不是从黑影里传出来的,是从四面八方,从这片灰白的每一寸缝隙里挤出来的。和之前那些无相神族的声音一样,像无数只虫子在同时嘶鸣。但这一次,那声音里多了一点东西——不是怕,不是怒,是一种林渊从来没听过的东西。
是饿。
“愿力……”那声音说,“给我……愿力……”
林渊没有说话。
他只是站在那里,看着那团黑影。
那团黑影也“看”着他。没有眼睛,但它在看。它在看他身上那些愿力丝,看他手腕上那些缠在一起的光。
“你……有愿力……很多……给我……”
林渊抬起手。
手腕上那些愿力丝猛地亮起来。
那团黑影往后退了一点。
只是一点,但林渊看见了。
“你怕这个。”他说。
那团黑影停住了。
“怕?”那声音重复了一遍,像是在咀嚼这个字,像是在品尝这个字,像是在用这个字磨牙。“怕……是什么……”
林渊说:“你怕的东西。”
那团黑影沉默了一会儿。
然后它“笑”了。没有声音,但林渊知道它在笑。那种笑不是高兴,是饿到极致之后发现猎物就在嘴边的那种——满足。
“不怕……不……怕……吃……就……不怕……”
它朝他扑过来。
不是扑,是涌。
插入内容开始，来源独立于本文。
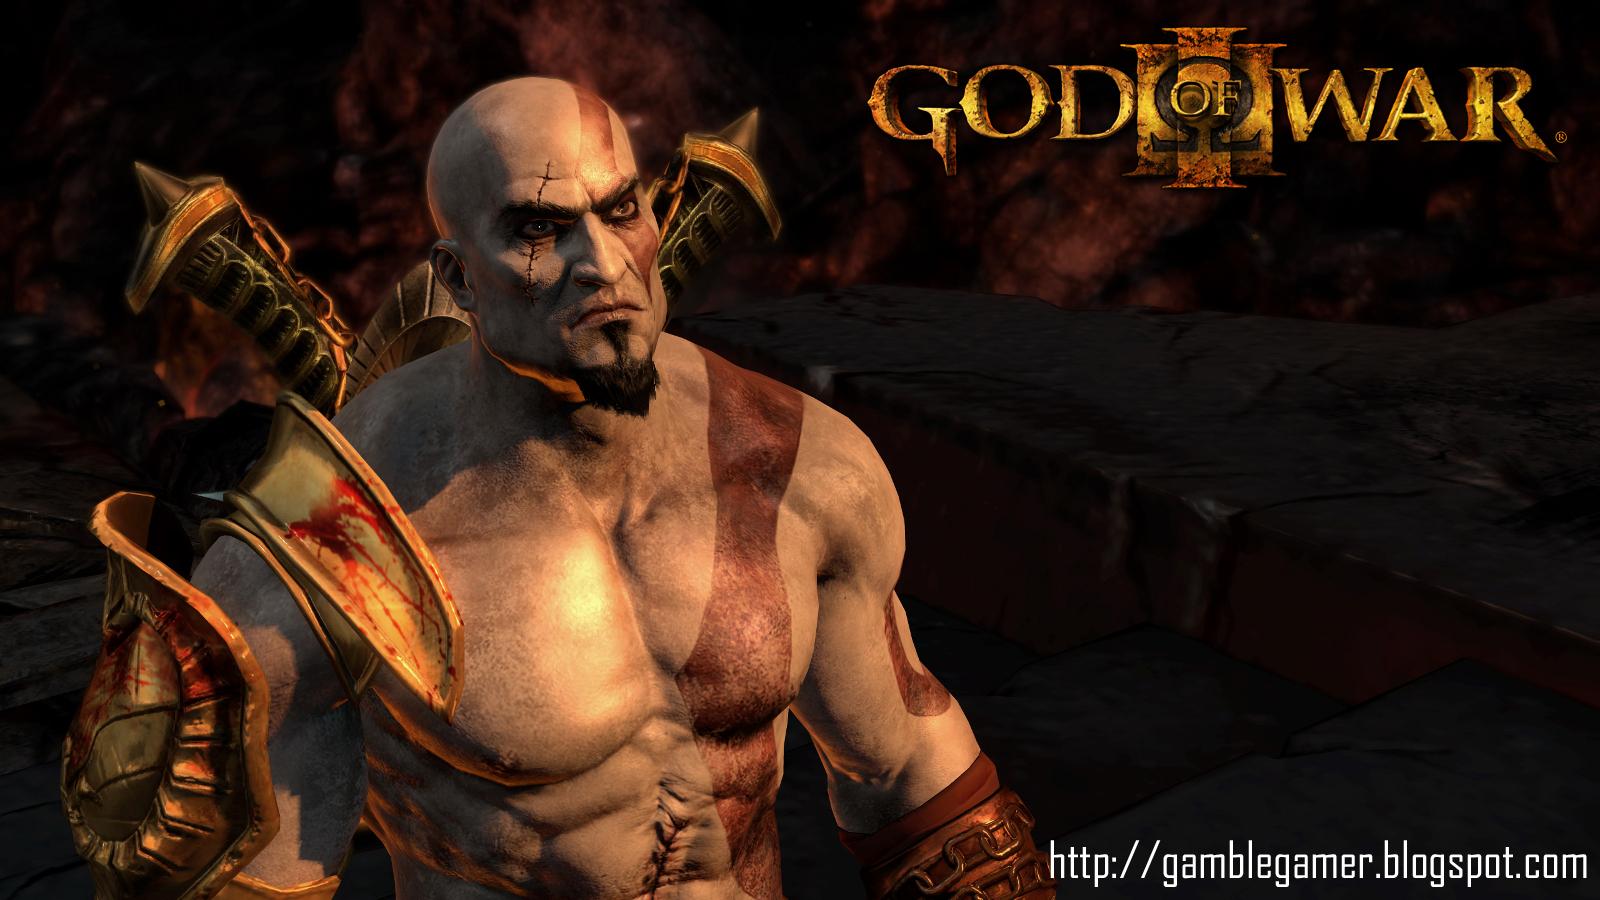 Playstation 3 The Best - Página 3 God-of-war-3-kratos+c%25C3%25B3pia

像海啸,像山崩,像整个天空塌下来。那些黑点从他身上脱落,朝林渊涌过来,密密麻麻,铺天盖地。
林渊没有动。
他只是站在那里,让那些愿力丝亮着。
那些黑点碰到愿力丝的瞬间,就炸开,化作一缕缕青烟。炸开一批,又来一批。炸开一批,又来一批。它们不怕死——它们根本不知道什么是死。只知道吃,只知道饿,只知道往前涌。
林渊手腕上的愿力丝开始变细。
一根一根,越来越细,越来越暗。
那些黑点越来越多,越来越密。
他的愿力不够了。
他的手腕上,只剩最后一根丝。
那根丝最粗,最亮,最长。是阿九的。
那根丝猛地亮起来。
比之前任何时候都亮。亮得刺眼,亮得那些黑点开始后退,亮得那团黑影开始颤动。
“不……不可能……”
林渊没有说话。
他只是看着那根丝。那根丝的那一头,阿九还在。他能感觉到他。感觉到他站在镇口,感觉到他的手举着,感觉到他的愿力正在从身体里涌出来,一滴不剩。
不止阿九。
那根丝亮起来的时候,其他丝也跟着亮了。不是一根一根,是全部。那些已经暗下去的丝,那些已经细得快看不见的丝,那些从落云镇来的、从落云府来的、从第七域来的、从第三域来的、从所有愿力能到达的地方来的丝——全部亮了。
那些黑点开始炸开。
不是一批一批,是全部。那些从黑影身上脱落的小东西,那些吃了无数年愿力的小东西,那些不知道什么是怕、什么是死的小东西——全部炸开。
那团黑影开始缩小。
不是一点一点,是一层一层。像剥洋葱,像退潮,像那些被它吃了无数年的愿力正在从它身体里一点一点流出来。
“不——!”那声音尖叫起来,比之前任何一次都响,都刺耳。“不——!不——!”